Artinya Go-Jek, Go-Box, GrabBike, GrabCar, Blue-Jek, Lady-Jek apapun itu yang berbasis aplikasi dilarang beroperasi. Pelarangan tersebut tertuang dalam Surat Pemberitahuan Nomor UM.3012/1/21/Phb/2015 yang ditandatangani oleh Menteri Perhubungan Ignasius Jonan, tertanggal 9 November 2015.

Menurut Kemenhub, pengoperasian Go-Jek cs tidak memenuhi ketentuan Undang-Undang Nomor 22 Tahun 2009 Tentang Lalu Lintas dan Angkutan Jalan serta Peraturan Pemerintah Nomor 74 Tahun 2014 Tentang Angkutan Jalan.

"Ketentuan angkutan umum adalah harus minimal beroda tiga, berbadan hukum dan memiliki izin penyelenggaraan angkutan umum," katanya.

Kemenhub mengaku tidak masalah dengan bisnis startup (usaha rintisan digital) namun menjadi bermasalah apabila menggunakan angkutan pribadi untuk angkutan umum yang tidak berizin dan tidak memenuhi ketentuan hukum.

Ojek Digital: Disayang atau Dilarang?

Memang, Kemenhub punya payung hukum sebagai dasar untuk menegakkan aturan soal transportasi yang boleh lalu-lalang di Indonesia. Namun sepertinya, banyak masyarakat Indonesia yang sudah kadung jatuh cinta dengan layanan ojek ataupun transportasi lain berbasis digital.

Bahkan, dukungan tak cuma datang dari masyarakat, Presiden Joko Widodo pun pernah mengundang para pengemudi ojek online untuk berdiskusi sambil makan siang di istana negara. Presiden bahkan memuji keberadaan layanan seperti Go-Jek sebagai solusi layanan transportasi yang baik dan memudahkan masyarakat.

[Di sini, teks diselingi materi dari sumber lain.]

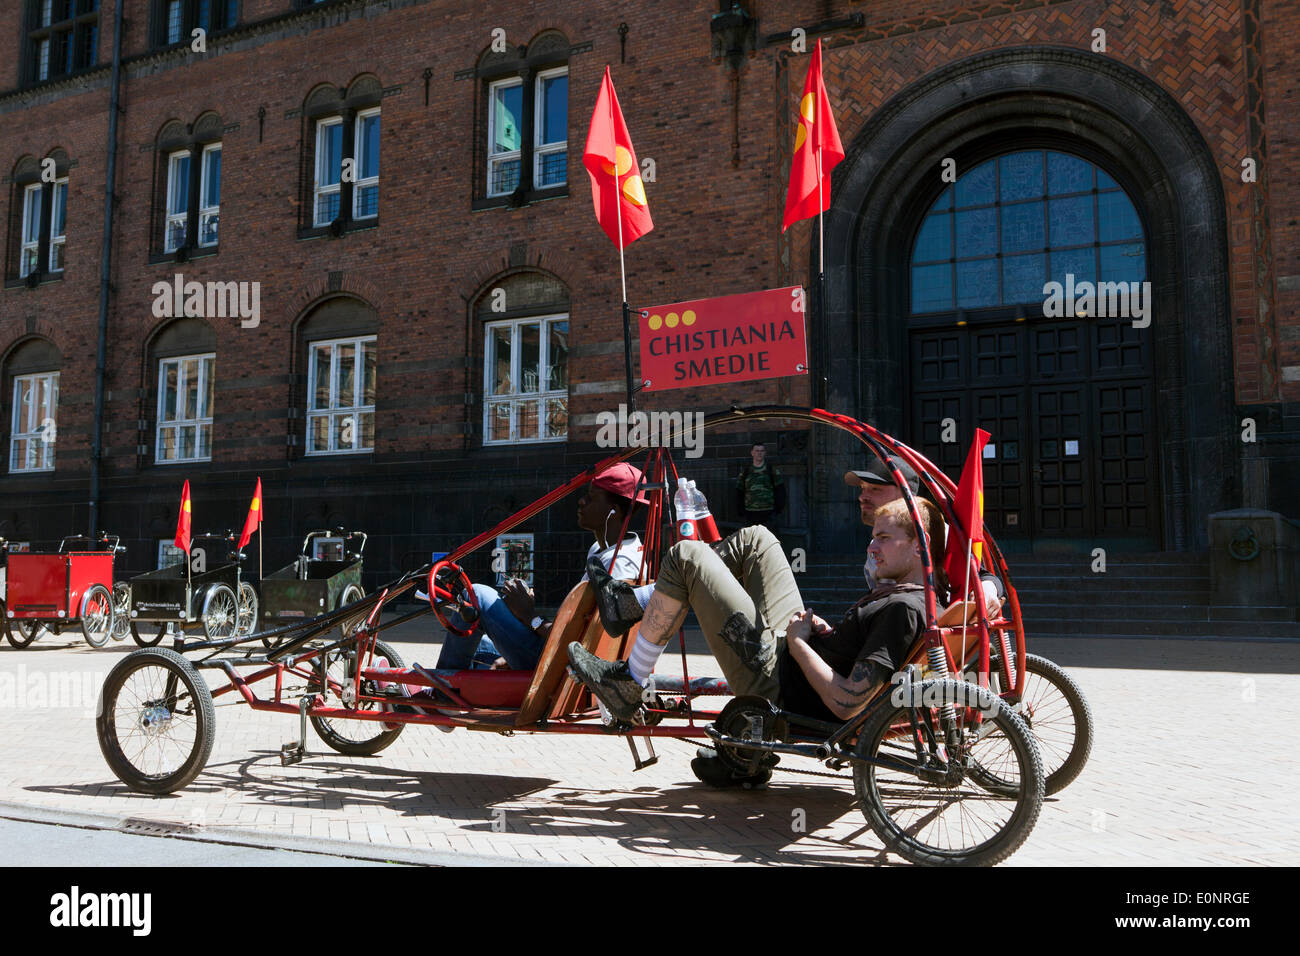 Copenhagen, Denmark. 17th May 2014. Christiania – the free town for alternative life in the middle of Copenhagen – celebrates their very own bikes 30 years anniversary, the special 3 wheeled freight bicycle, with a colorful parade through Copenhagen, staring at the town hall square and  gathering more than 200 bikes. The bikes are designed and produced in Christiania’s own workshop. The “Christiania Bike”, an icon for the free town, is an integrated part of the Copenhagen townscape.  The bike on the photo is an alternative version, called the “Bike Mobil”. Credit:  OJPHOTOS/Alamy Live News Stock Photo

Dan sesaat setelah kegaduhan soal pelarangan ojek online sampai ke telinganya, Jokowi langsung berkicau untuk meredakan kerisauan masyarakat.

"Saya segera panggil Menhub. Ojek dibutuhkan rakyat. Jangan karena aturan rakyat jadi susah. Harusnya ditata -Jkw," singkat Presiden melalui akun Twitter pribadinya, @jokowi, seperti dikutip detikINET, Jumat (18/12/2015).

Sementara itu, Muhammad Reza, Kepala Biro Hukum, Humas dan Kerjasama KPPU menilai, polemik β€˜haram atau halalnya’ transportasi berbasis aplikasi harusnya bisa diikuti oleh inovasi juga dari sisi regulasi, bukannya malah membatasi.

β€œSedangkan untuk (transportasi) roda dua, kalau memang regulasinya tidak memperbolehkan lantaran faktor keamanan penumpang dimana tingkat kecelakaan yang mengakibatkan kematian masih didominasi kendaraan roda dua, maka pemerintah harusnya juga melarang ojek konvensional,” jelasnya.